Tucked away among the papers of journalist and historian James Cowan (1870–1943) in the Turnbull Library is a 56-page memoir handwritten by Hēni Pore (Te Arawa; 1840–1933), a woman whose long and extraordinarily full life spanned almost a century of war and peace in Aotearoa New Zealand.

As a four-year-old, Pore witnessed the burning of Kororāreka at the beginning of the Northern War, and as a young mother in her twenties she fought for the Kīngitanga in Waikato and at Tauranga. Her memoir is an enthralling read, as this excerpt about the attack on Pukehinahina Gate Pā in April 1864 demonstrates:

as soon as the hangi was covered we were surprised to see the soldiers marching up towards us…as Rawiri Puhirake was on top of the parapet of his pa, I heard [him] refuse to give up the firearms, he said he intended to have breakfast in Te Papa…while he spoke we were called to prayers in our pa and all of us jumped into the trench…my place was alongside of our chaplain Hori; on the other side of Hori was Eraihia and Patutiti [and] just below me was Timoti Amopo, my brother alongside of him in the trench…I had my hands on my face when Timoti dragged me down into the trench [at the] same time as [a] terrific crash was heard and [then] groans…when I looked up my two comrades [were] blown to atoms…I heard the soldiers singing and laughing and I didn’t know what they laughed at, then I saw the whole potatoes of our hangi blown up, the shell which killed my two comrades went through the hangi bursting them.

At Pukehinahina this wahine toa also earned a reputation as a compassionate rival, crossing the lines to give wounded British troops water. Interestingly, the following year she joined her Te Arawa relatives supporting the colonial government against Pai Mārire forces at Matatā and Te Teko.

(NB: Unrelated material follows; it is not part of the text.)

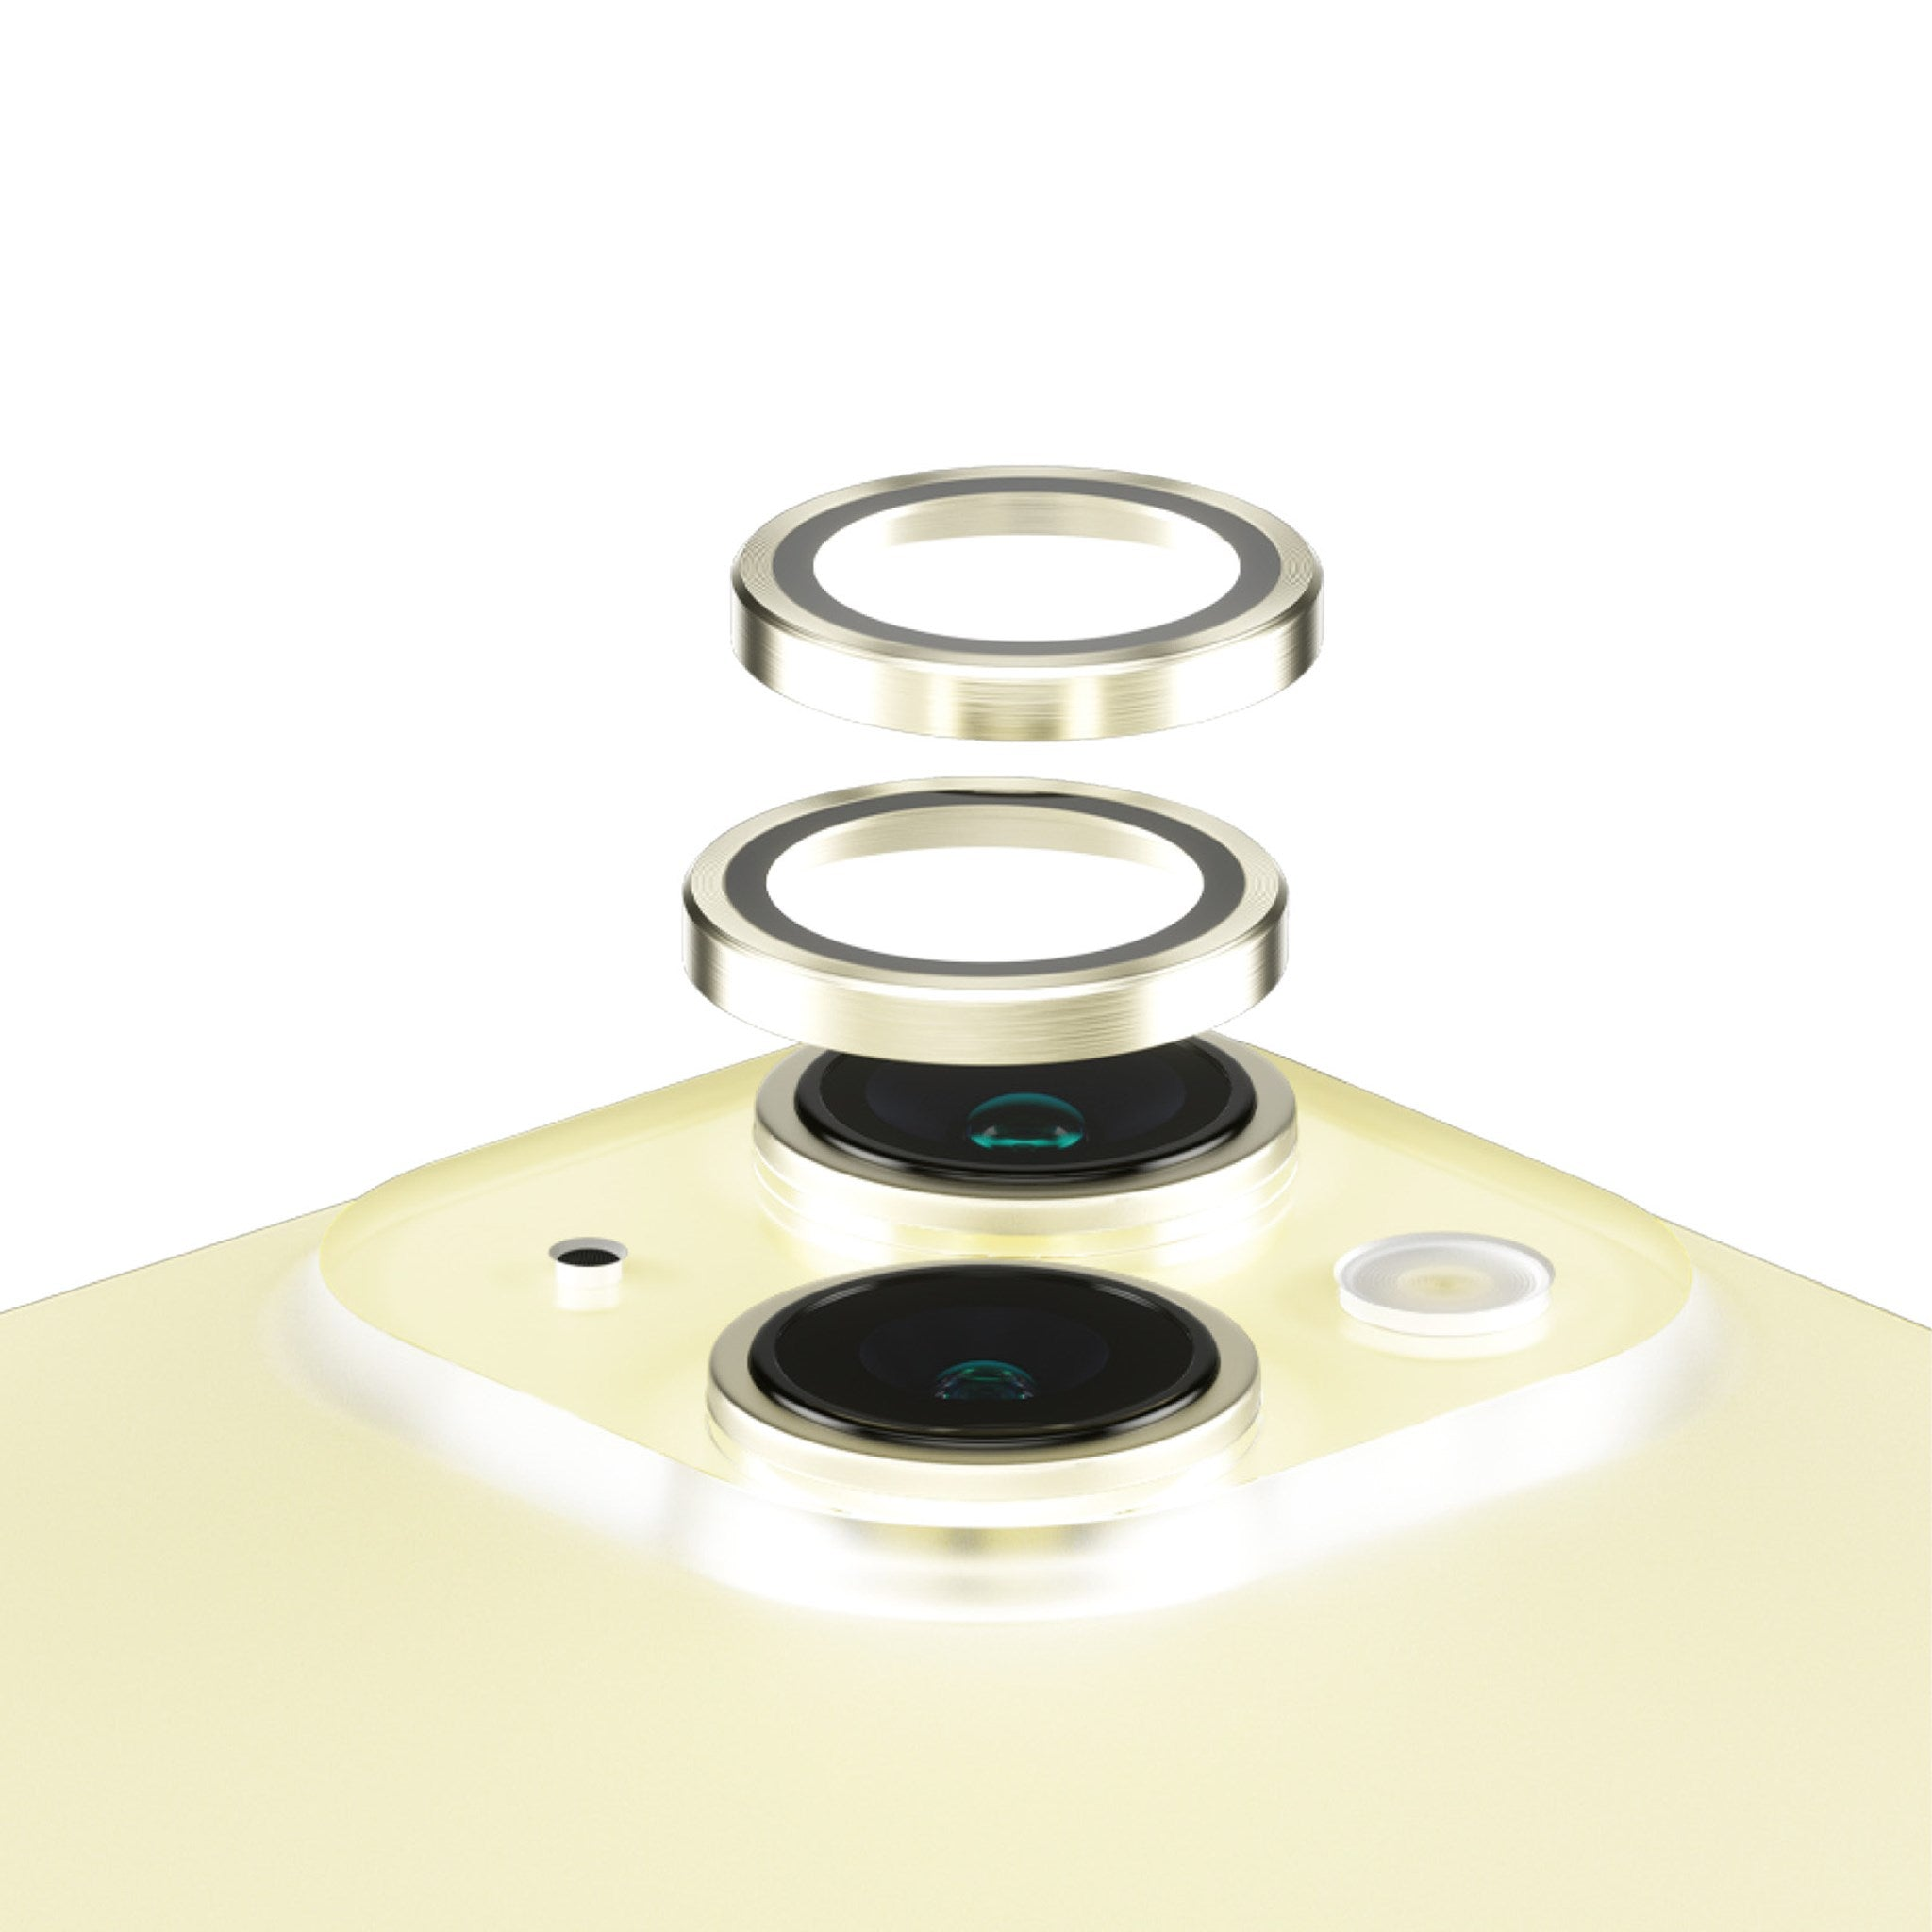 Gelb Hoops™ Apple | Plus) | PANZERGLASS 15 iPhone Kameraschutz Kameraschutz(für 15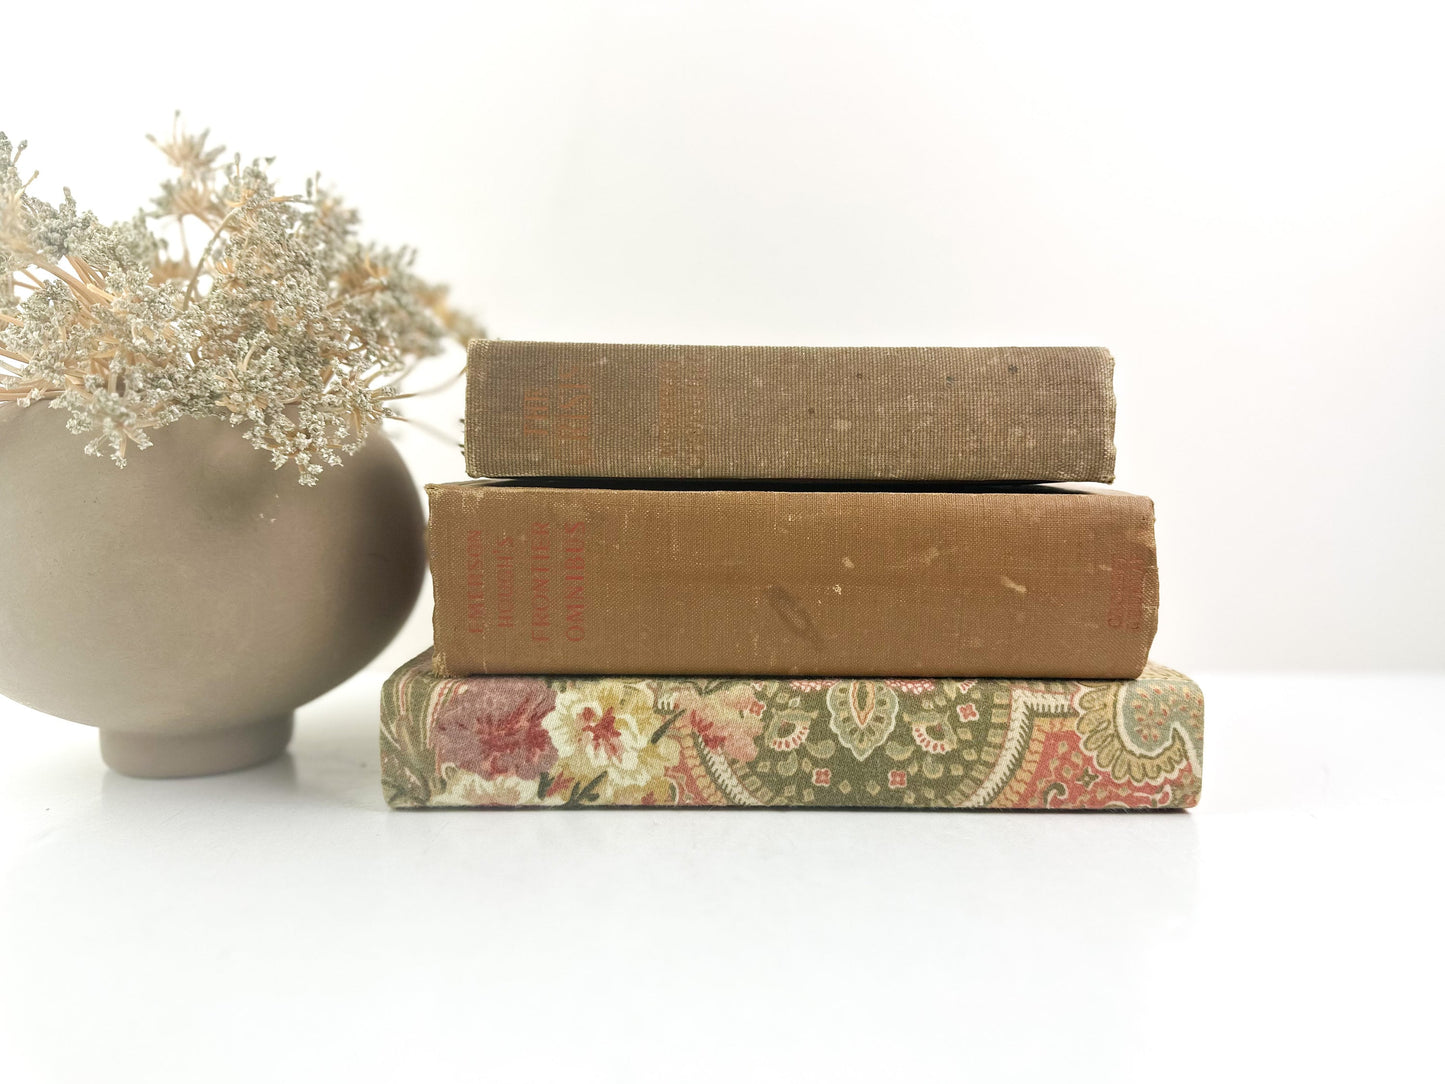 Decorative Books for Home Decor

Although some of Pore’s life experiences were published in early twentieth-century newspapers, an inscription in her handwriting near the back of her account says, ‘more rubbish for you to burn’, suggesting that she thought few others would have an interest in her work or life. To the contrary, her writings and her life are now a taonga, and more special than ever. Ka nui te mihi ki a koe, e Hēni!